LISTED RECORDS:
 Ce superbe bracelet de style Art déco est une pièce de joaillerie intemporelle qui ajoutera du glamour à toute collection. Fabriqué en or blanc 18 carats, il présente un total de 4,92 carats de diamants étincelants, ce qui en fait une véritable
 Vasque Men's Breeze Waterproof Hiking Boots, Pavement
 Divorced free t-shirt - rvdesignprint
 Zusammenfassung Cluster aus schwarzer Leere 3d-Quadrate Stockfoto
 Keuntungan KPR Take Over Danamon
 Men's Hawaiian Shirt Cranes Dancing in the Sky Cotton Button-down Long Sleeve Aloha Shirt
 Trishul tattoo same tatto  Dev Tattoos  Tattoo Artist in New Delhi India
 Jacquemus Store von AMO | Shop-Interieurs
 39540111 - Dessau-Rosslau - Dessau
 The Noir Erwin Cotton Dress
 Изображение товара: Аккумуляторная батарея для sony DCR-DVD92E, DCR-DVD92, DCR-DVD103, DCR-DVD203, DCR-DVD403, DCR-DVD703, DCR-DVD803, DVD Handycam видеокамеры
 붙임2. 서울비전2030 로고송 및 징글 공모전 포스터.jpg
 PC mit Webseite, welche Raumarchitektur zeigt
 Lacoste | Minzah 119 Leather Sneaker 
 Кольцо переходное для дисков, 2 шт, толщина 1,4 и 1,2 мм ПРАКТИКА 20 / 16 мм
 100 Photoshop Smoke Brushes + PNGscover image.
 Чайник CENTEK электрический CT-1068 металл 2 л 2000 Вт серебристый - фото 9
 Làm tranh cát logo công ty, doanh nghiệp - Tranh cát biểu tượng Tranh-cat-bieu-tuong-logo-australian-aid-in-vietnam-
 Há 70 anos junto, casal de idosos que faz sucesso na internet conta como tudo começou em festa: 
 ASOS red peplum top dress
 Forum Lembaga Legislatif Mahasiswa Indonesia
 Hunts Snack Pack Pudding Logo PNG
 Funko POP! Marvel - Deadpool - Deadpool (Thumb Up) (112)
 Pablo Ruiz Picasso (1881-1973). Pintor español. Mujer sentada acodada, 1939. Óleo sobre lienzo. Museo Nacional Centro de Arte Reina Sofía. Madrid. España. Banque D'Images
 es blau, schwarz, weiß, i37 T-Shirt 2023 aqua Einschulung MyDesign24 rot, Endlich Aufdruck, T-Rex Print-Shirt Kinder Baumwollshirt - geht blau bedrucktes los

EXERCISE DIRECTIONS:
In the listing above, find the line containing "100 Photoshop Smoke" and the line containing "Pablo Ruiz Picasso", then quote both, plus every line between them, exactly as written.

EXERCISE SOLUTION:
 100 Photoshop Smoke Brushes + PNGscover image.
 Чайник CENTEK электрический CT-1068 металл 2 л 2000 Вт серебристый - фото 9
 Làm tranh cát logo công ty, doanh nghiệp - Tranh cát biểu tượng Tranh-cat-bieu-tuong-logo-australian-aid-in-vietnam-
 Há 70 anos junto, casal de idosos que faz sucesso na internet conta como tudo começou em festa: 
 ASOS red peplum top dress
 Forum Lembaga Legislatif Mahasiswa Indonesia
 Hunts Snack Pack Pudding Logo PNG
 Funko POP! Marvel - Deadpool - Deadpool (Thumb Up) (112)
 Pablo Ruiz Picasso (1881-1973). Pintor español. Mujer sentada acodada, 1939. Óleo sobre lienzo. Museo Nacional Centro de Arte Reina Sofía. Madrid. España. Banque D'Images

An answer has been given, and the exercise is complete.